In early 2019, Glencore capped its coal capacity at 150-million tonnes of coal a year, in the interests of transitioning to a low carbon global economy. It was then that it undertook not to build any new coal mines and to deplete its existing mines.

On the steps envisaged to rehabilitate coal mines as they deplete, Glencore head of coal in South Africa Murray Houston said the company was governed by mine works plans in terms of mine life considerations with the Department of Mineral Resources and Energy, and also through environmental agencies.

Houston explained that the opencast mines are run on a rollover basis where the rehabilitation follows a couple of cuts behind.

“One does end up with final voids, which have to be provided for and closed up at the end of the day, and the mines have ultimate closure plans in terms of recycled land form as well as putting back the top soil and planting seed.

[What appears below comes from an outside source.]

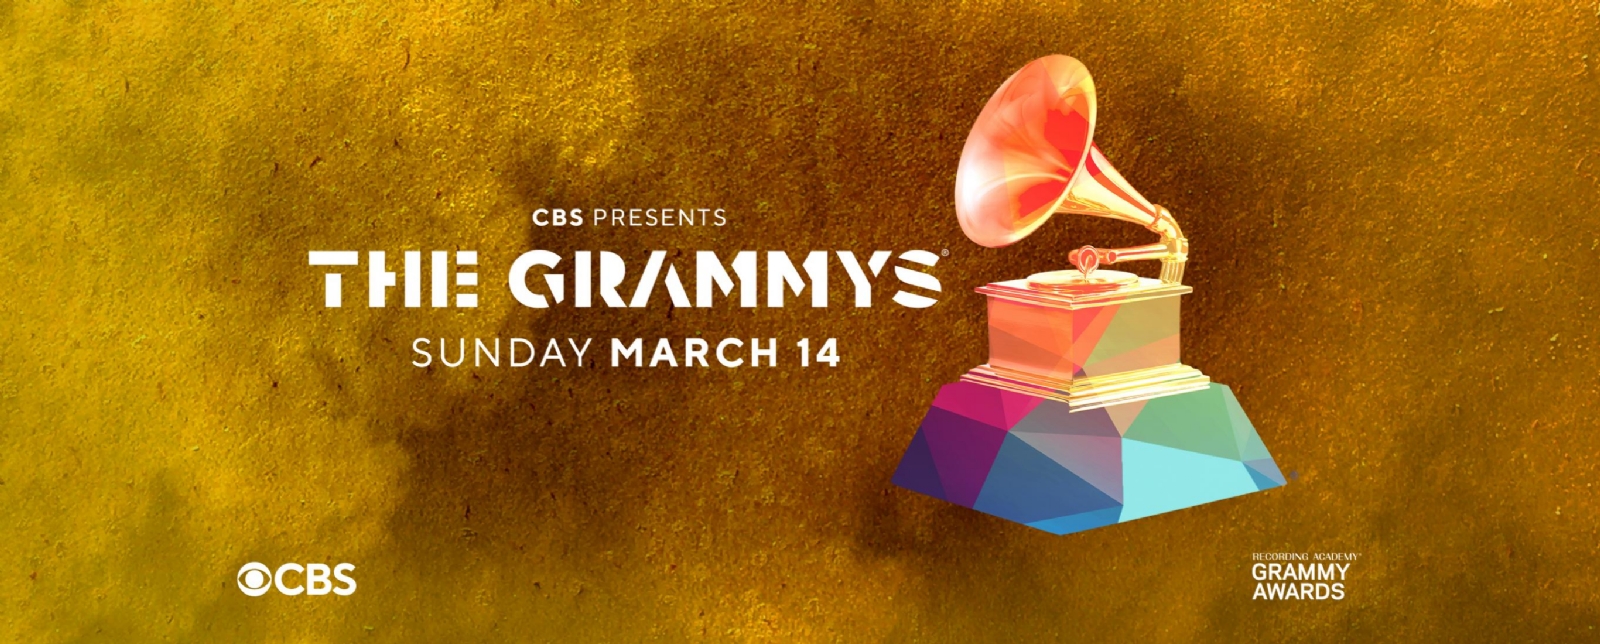 Premios Grammy 2021: Dónde y a qué hora ver la ceremonia de premiación a lo mejor de la música
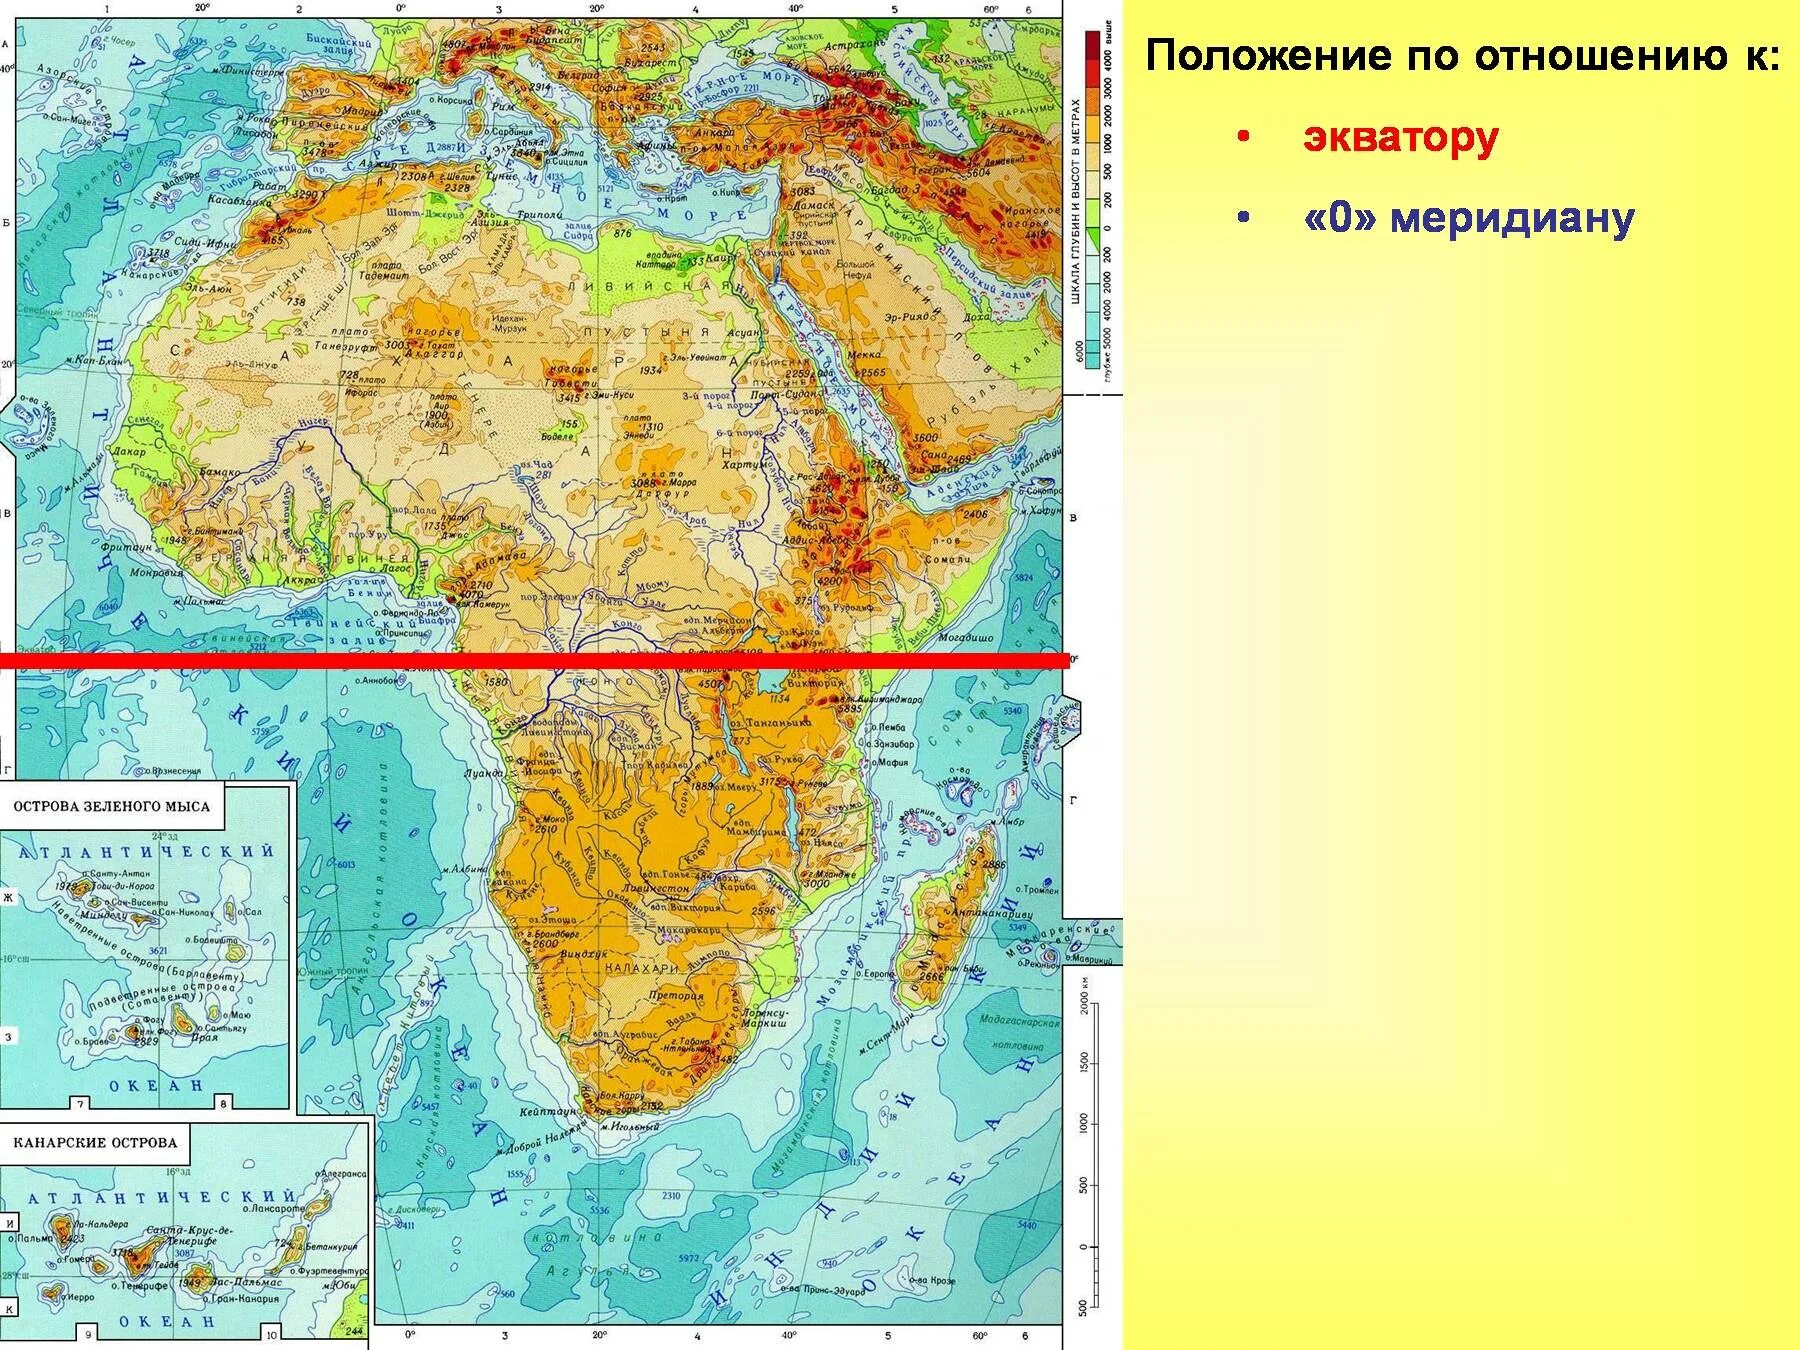 Африка береговая линия моря. Крупные географические объекты береговой линии Африки на карте. Береговая линия Африки на карте. Береговая линия Африки 7 класс география. Береговая линия Африки на контурной карте 7 класс.

“Obviously, they wouldn’t be exactly the same as what they were before but largely they would be returned to a natural state,” said Houston.

Glencore this week announced additional shareholder returns, comprising a $0.5-billion special cash distribution for payment in September and a $650-million share buyback to be completed by the release of full-year results next year. This overall top-up lifts planned 2021 shareholder returns of the London- and Johannesburg-listed company to $2.8-billion.